The fact that some IP addresses are hotter - getting more reads or writes - than others - is usually not a big problem, and is pretty usual. Scylla will divide them randomly between the different nodes (and cores on each node), and as long as you have many significantly more hot partitions than you have cores in your cluster, the load - and disk usage - should be fairly well balanced.
Things can become different in extreme cases, such as when each update grow a partition (i.e., add a row to it), and only a few partitions are extremely hot. For example, you can imagine a database used to log requests, and in addition to a million normal clients with 10 requests a day, it also has 10 "attackers" who make a million requests a day. In such extreme cases you can find yourself with some of the nodes carrying significantly more of the load and/or disk space than others. Such extreme cases can also cause other problems: While Scylla's support for huge partitions has improved recently, it is still not perfect, and if you can avoid such extreme cases, it's better.
Finally, if I go back to your original question, "Is using IP address as primary key a good practice in scylla db?", the answer is "yes, but":
It's "yes" because Scylla has no specific problem with IP addresses as a key - it distributes the different IP address to different nodes randomly (using the "murmur3" hash function) so there is no particular problem with the fact that IP addresses clump up together (e.g., multiple clients from the same subnet don't just get sent to the same cluster nodes).
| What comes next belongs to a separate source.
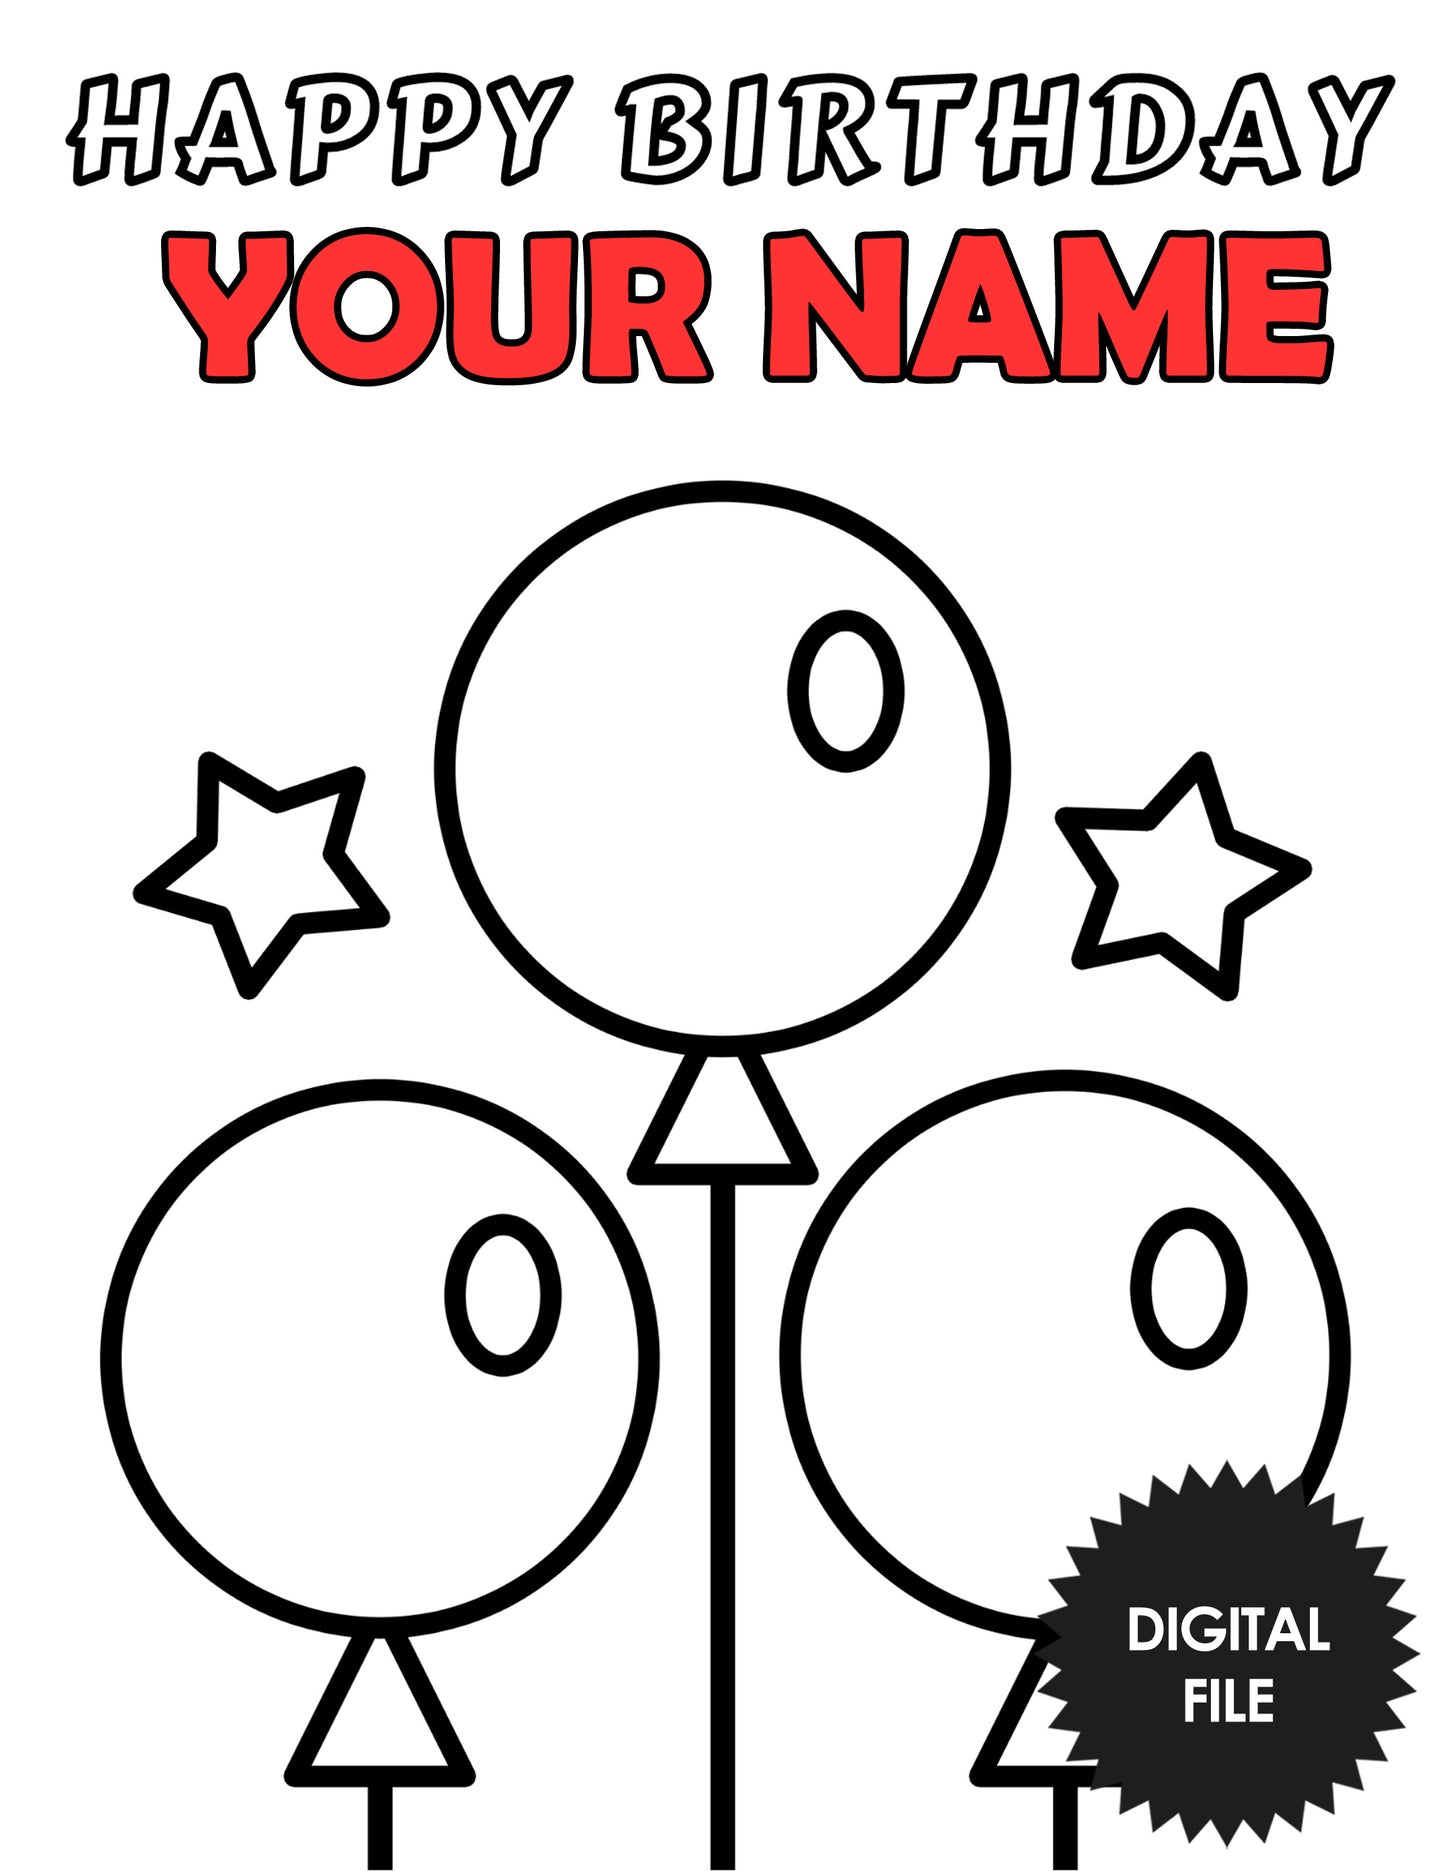 Personalized Birthday Coloring Pages For Kids and Toddlers, Birthday Gift, Very Thick Lines, Custom Name & Age, Kids Printables, 6 Pages PDF

It's "but" because the problem isn't the IP addresses as a key per se, but rather the content of the partition you intend to store for it, and how skewed are the update frequency - and size - for the different partitions.
Oh, and one last note:
If you're using Size Tierd Compaction Strategy (STCS), the maximum disk-space usage at any particular moment can be quite higher than the actual amount of data being stored. If your workload is high in overwrites (data isn't being added, but rather replaced, deleted, etc.), before compaction finishes its work the data on disk can very well be twice the real amount of data. If this is the case, if you inspect the system at some random time, you will notice that some nodes have more data on disk than others, depending on their random position in the compaction work when you do this measurement. Something you can do to verify if this is what you're seeing is to invoke "major compaction" on all nodes, and measure the disk usage then - expecting to see a much more uniform disk space usage across nodes.